Liverpool *Are* More Successful

There’s an Everton song with lyrics that go:

“An if you know your history
Its enough to make your heart go-ooooooo
We dont care what the red sh*te say
What the f*ck do we care
Cause we only know
that there’s gonna be a show
when the Everton boys are there”.

Yet if you do know your history then you’ll know that Liverpool are more successful than our neighbours on every front. Eighteen top-flight titles to their nine; Seven FA Cups to their five; Eight League Cups to their zero; Five European Cups to their zero; Three UEFA Cups to their zero; we’ve even won the Charity Shield six more times than they have. Whatever excuses they come up with, however they try to paint it as not being a level playing field, our trophy cabinet has got significantly more silverware in it than theirs.

You might have thought that the pendulum had swung the other way in recent years. After all, we have only won one trophy in the last decade. Manchester United have, much to my dismay, knocked us off our ‘perch’ and the Blues have been given a chance to overtake us whilst we were on our knees, fighting off owners that were bleeding the club dry for money and having to put up with Roy Hodgson as our manager.
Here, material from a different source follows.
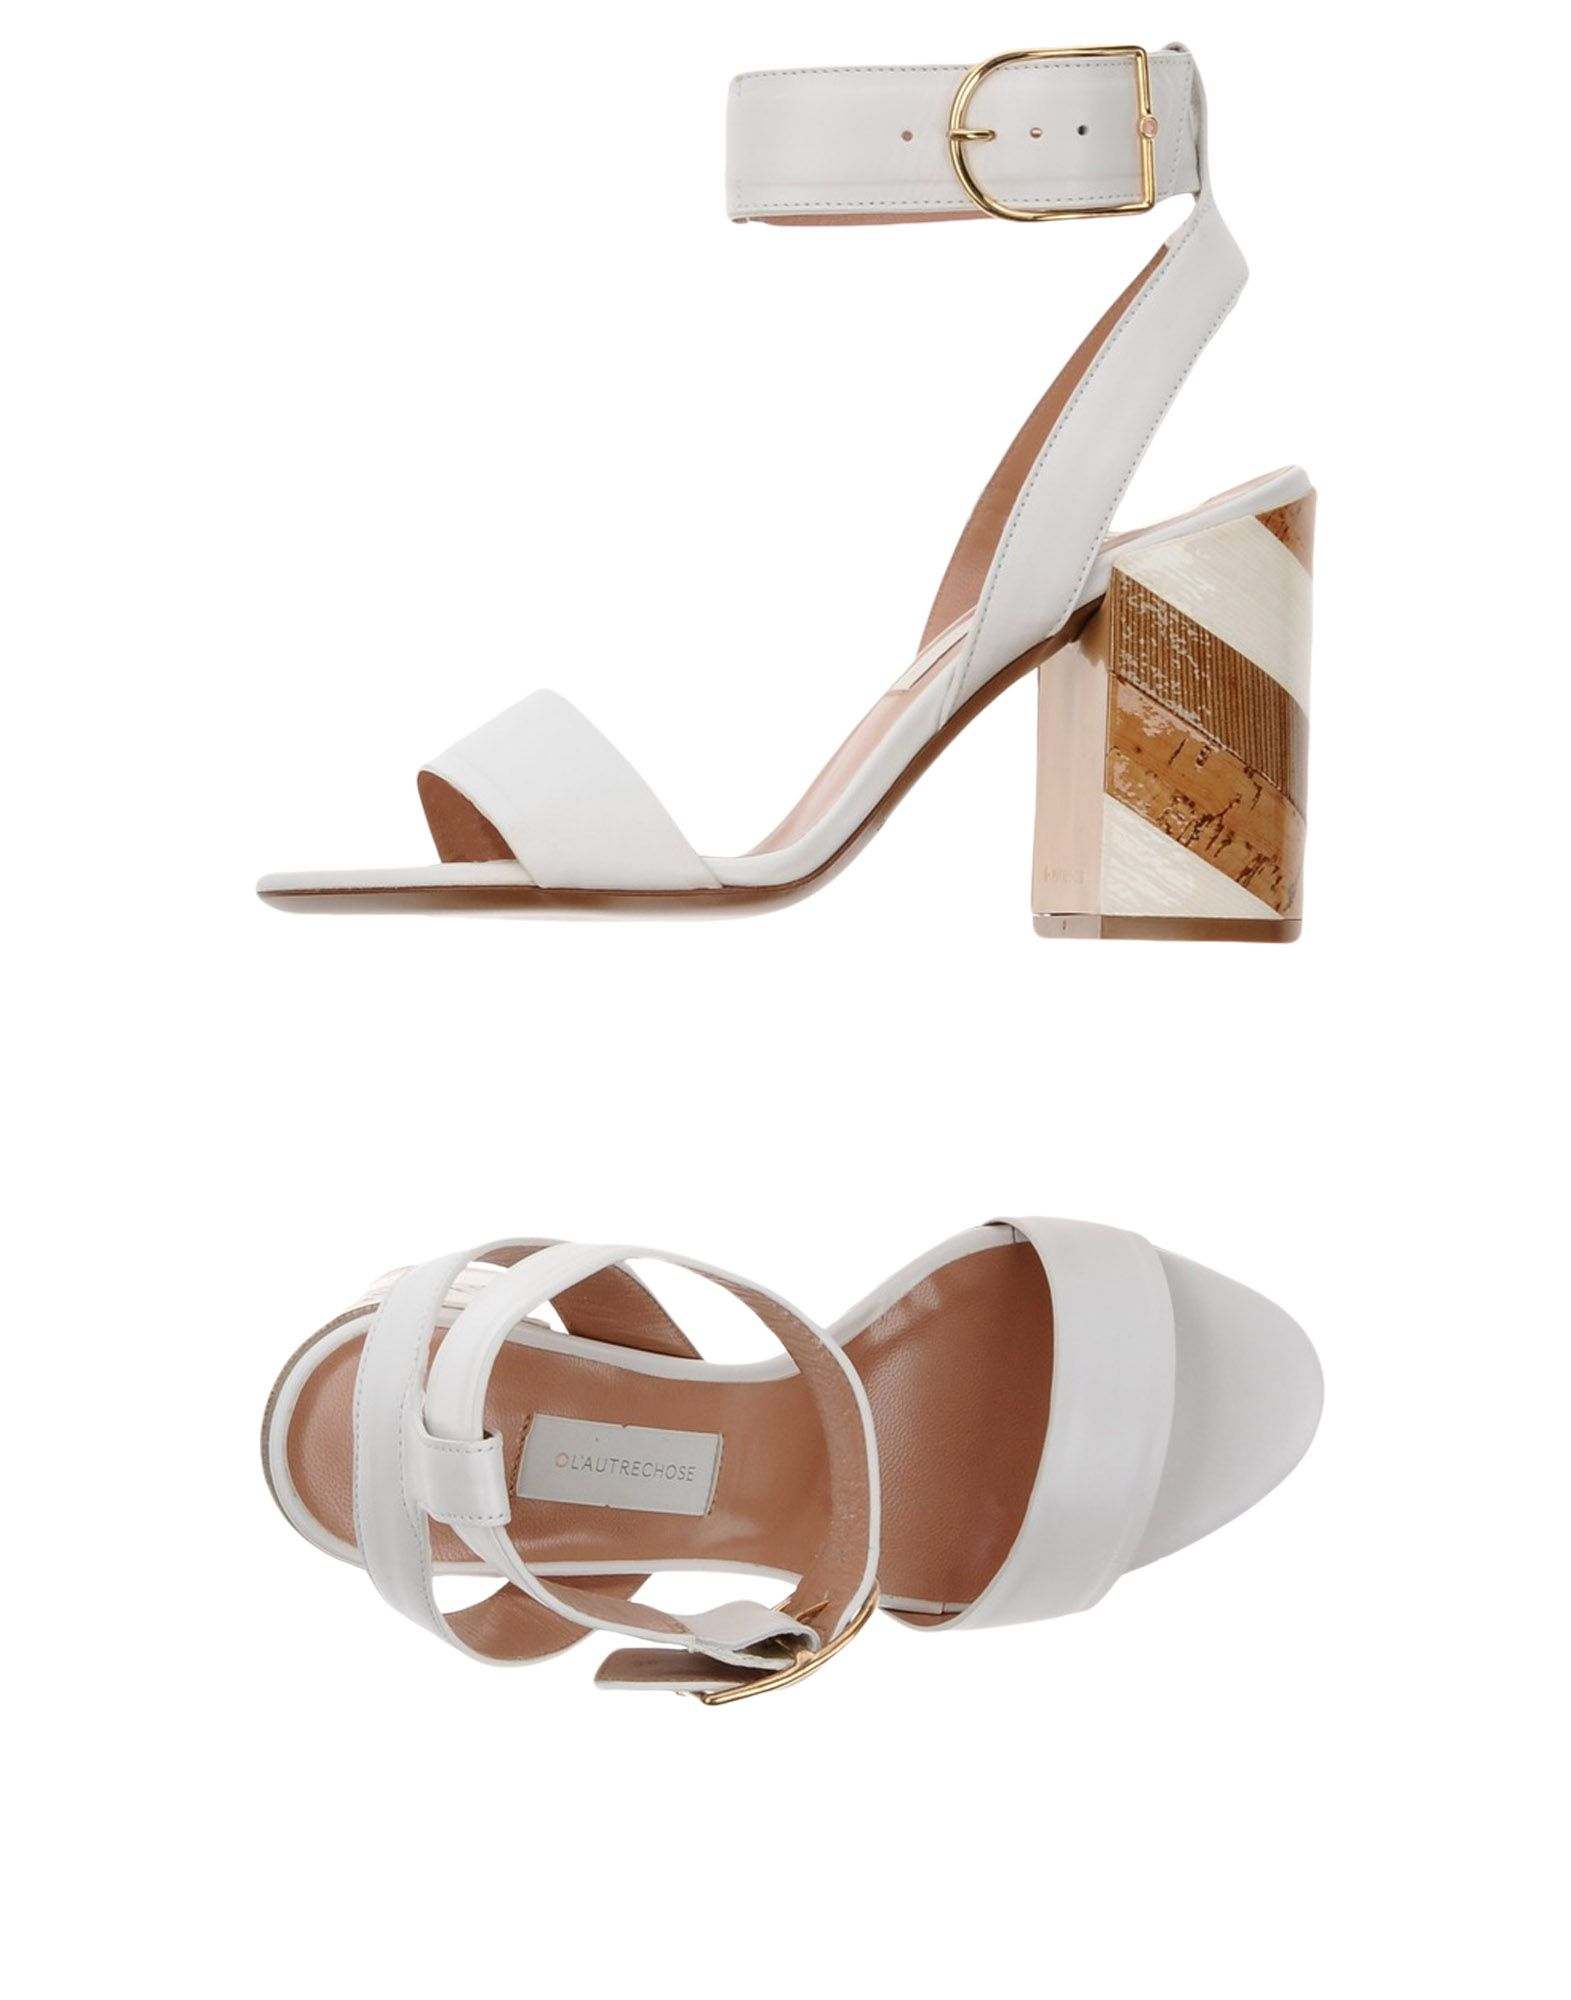 L' Autre Damen Chose Sandalen Damen Autre  11380855JJ Neue Schuhe 71e768

Given that they’re convinced of their superiority, shouldn’t they have got ahead of us and stayed there? Well, since Rafa Benitez’s arrival back in 2004 they finished higher than us in the Premier League just three times in twelve seasons.

Trophies

Even when it comes to the Merseyside derby they haven’t exactly been able to demonstrate their superiority; the last time they beat us in both games in the same season was back in 1984-1985. That in itself should be an embarrassing statistic to them, but the last time they beat us at Anfield was in 1999. It has been nearly eighteen years since Everton won a game at Anfield. To give you some inkling of how long ago that was, Ben Woodburn may line up against them on Saturday and he wasn’t even alive when they last left our place victorious. It’s been six and a half years since they won a derby of any description.

Bearing all of that in mind, it’s no wonder they’re bitter about us.

For Everton, those results hurt and with every passing year when they don’t change the record the history of the game weighs more and more heavily on their shoulders. Whatever their fans might want to believe, the two clubs have different long-term ambitions; Liverpool strive to win the Premier League, the Blues are desperate to win a game of football at Anfield. Equally, though, as every year goes by without them winning it becomes something of a challenge for Liverpool’s players. Can we maintain out excellent record against them? That, perhaps more than anything, is what drives the fans on. Everton aren’t a club we’re bothered about in league terms any more than West Ham United are, yet beating them matters for our pride and the ability of Liverpool fans to walk into work with their heads held high and a slight smirk on their face.

Has It Changed Over The Years?

I honestly couldn’t tell you whether things have changed much over the years, as far as the fans’ attitude towards each other are concerned. I know that in 1984 both sets of fans joined together in singing, “Merseyside, Merseyside, Merseyside” as they competed in the League Cup final at Wembley. It was one of the things that earned it the nickname of the ‘friendly derby’, with families split down the middle according to allegiance. Somehow I can’t imagine that happening nowadays.

Everton have always been brilliant over Hillsborough, so I’ve been disappointed in recent years to hear some of their contingent joining in the Manchester United song of ‘always the victim’, which is a clear reference to the disaster. Hopefully that sort of nonsense is nipped in the bud quickly as we move forward. Ultimately we’re two sets of fans not only from the same city but the same area within that city. We play our games in their former stadium, for goodness sake. The lad who I knew when I was younger had a Liverpool fan for a granddad. Of course I want us to beat them every time we play each other, but it’s important to remember that jokes and ‘banter’ between the two sets of supporters should always remain on the right side of friendly.

May relations between both our sets of fans remain cordial and may they never win another game at Anfield. Is that too much to ask?